The async request function for the OpenAI Completions API.

Parameters:

Name Type Description Default
request_func_input RequestFuncInput

The input for the request function.

required
pbar Optional[tqdm]

The progress bar to display the progress.

None

Returns:

Type Description
RequestFuncOutput

The output of the request function.

Source code in vllm/benchmarks/lib/endpoint_request_func.py
async def async_request_openai_completions(
    request_func_input: RequestFuncInput,
    session: aiohttp.ClientSession,
    pbar: Optional[tqdm] = None,
) -> RequestFuncOutput:
    """The async request function for the OpenAI Completions API.

    Args:
        request_func_input: The input for the request function.
        pbar: The progress bar to display the progress.

    Returns:
        The output of the request function.
    """
    api_url = request_func_input.api_url
    assert api_url.endswith(
        ("completions", "profile")
    ), "OpenAI Completions API URL must end with 'completions' or 'profile'."

    payload = {
        "model": request_func_input.model_name
        if request_func_input.model_name else request_func_input.model,
        "prompt": request_func_input.prompt,
        "temperature": 0.0,
        "repetition_penalty": 1.0,
        "max_tokens": request_func_input.output_len,
        "logprobs": request_func_input.logprobs,
        "stream": True,
        "stream_options": {
            "include_usage": True,
        },
    }
    if request_func_input.ignore_eos:
        payload["ignore_eos"] = request_func_input.ignore_eos
    if request_func_input.extra_body:
        payload.update(request_func_input.extra_body)
    headers = {
        "Authorization": f"Bearer {os.environ.get('OPENAI_API_KEY')}"
    }
    if request_func_input.request_id:
        headers["x-request-id"] = request_func_input.request_id

    output = RequestFuncOutput()
    output.prompt_len = request_func_input.prompt_len

    generated_text = ""
    st = time.perf_counter()
    most_recent_timestamp = st
    try:
        async with session.post(url=api_url, json=payload,
                                headers=headers) as response:
            if response.status == 200:
                first_chunk_received = False
                async for chunk_bytes in response.content:
                    chunk_bytes = chunk_bytes.strip()
                    if not chunk_bytes:
                        continue
                    chunk_bytes = chunk_bytes.decode("utf-8")
                    # NOTE: SSE comments (often used as pings) start with
                    # a colon. These are not JSON data payload and should
                    # be skipped.
                    if chunk_bytes.startswith(":"):
                        continue

                    chunk = chunk_bytes.removeprefix("data: ")

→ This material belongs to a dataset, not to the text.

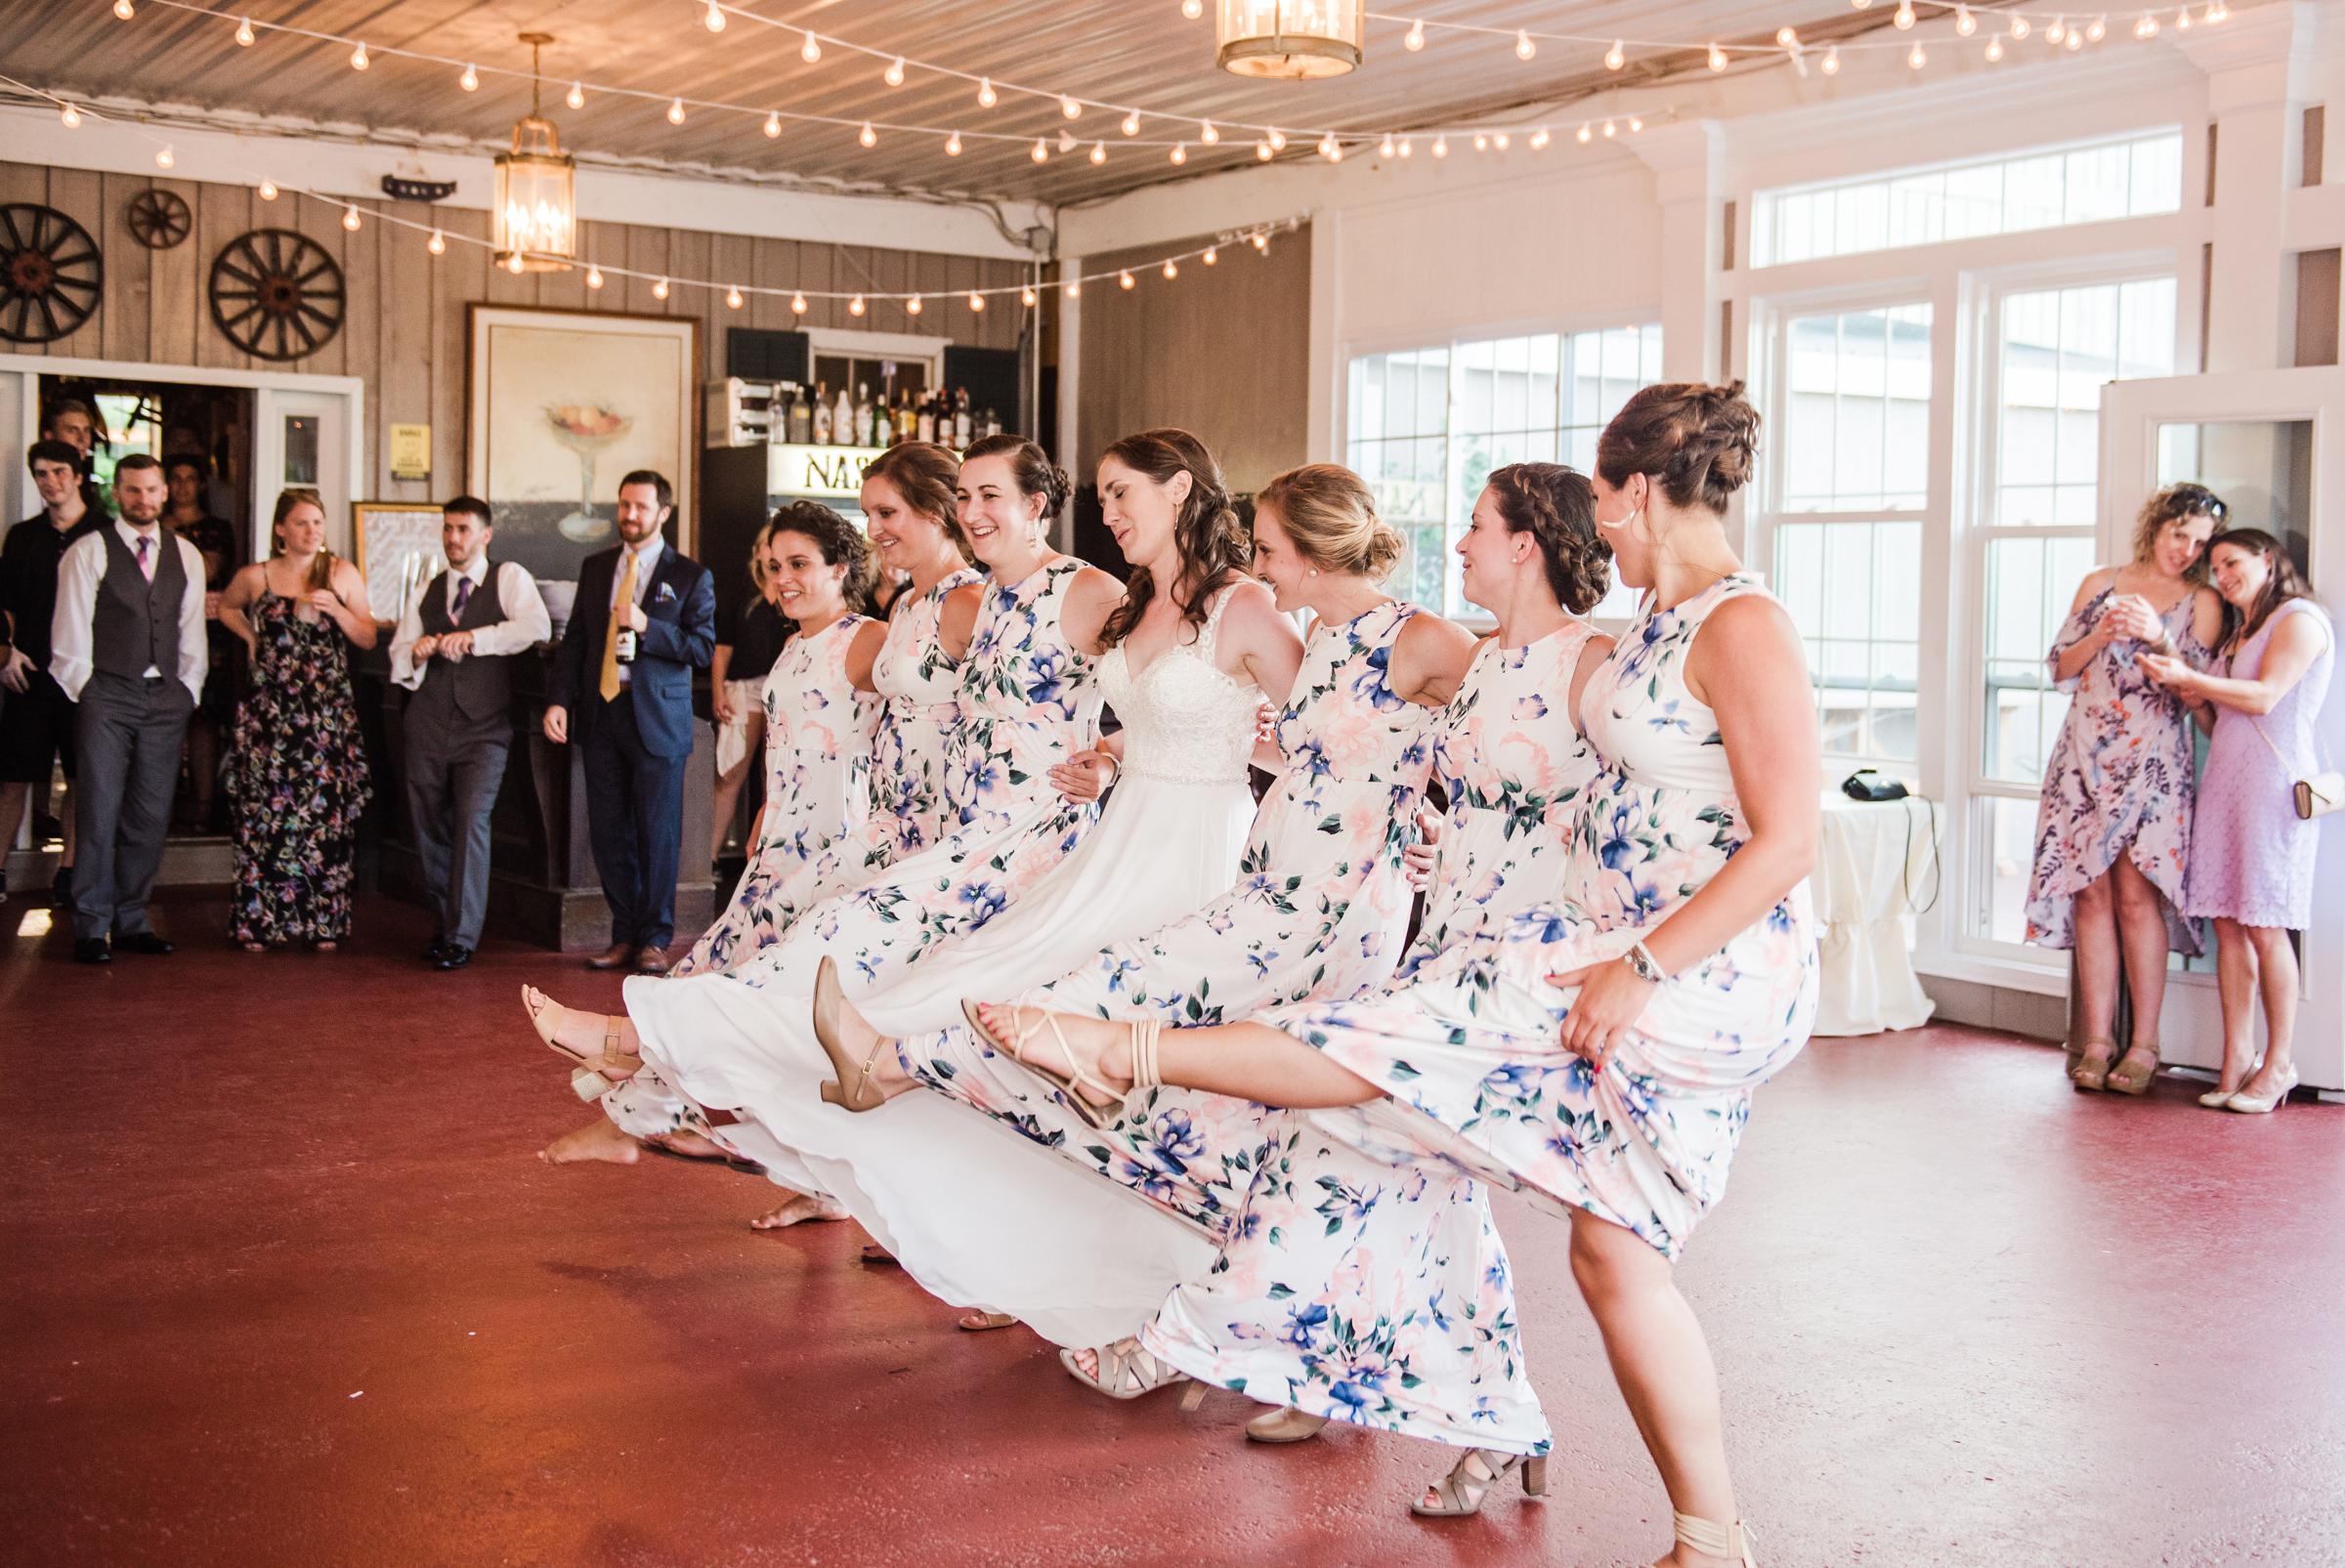 Jerris_Wadsworth_Wedding_Barn_Rochester_Wedding_JILL_STUDIO_Rochester_NY_Photographer_DSC_2938.jpg

                    if chunk != "[DONE]":
                        data = json.loads(chunk)

                        # NOTE: Some completion API might have a last
                        # usage summary response without a token so we
                        # want to check a token was generated
                        if choices := data.get("choices"):
                            # Note that text could be empty here
                            # e.g. for special tokens
                            text = choices[0].get("text")
                            timestamp = time.perf_counter()
                            # First token
                            if not first_chunk_received:
                                first_chunk_received = True
                                ttft = time.perf_counter() - st
                                output.ttft = ttft

                            # Decoding phase
                            else:
                                output.itl.append(timestamp -
                                                  most_recent_timestamp)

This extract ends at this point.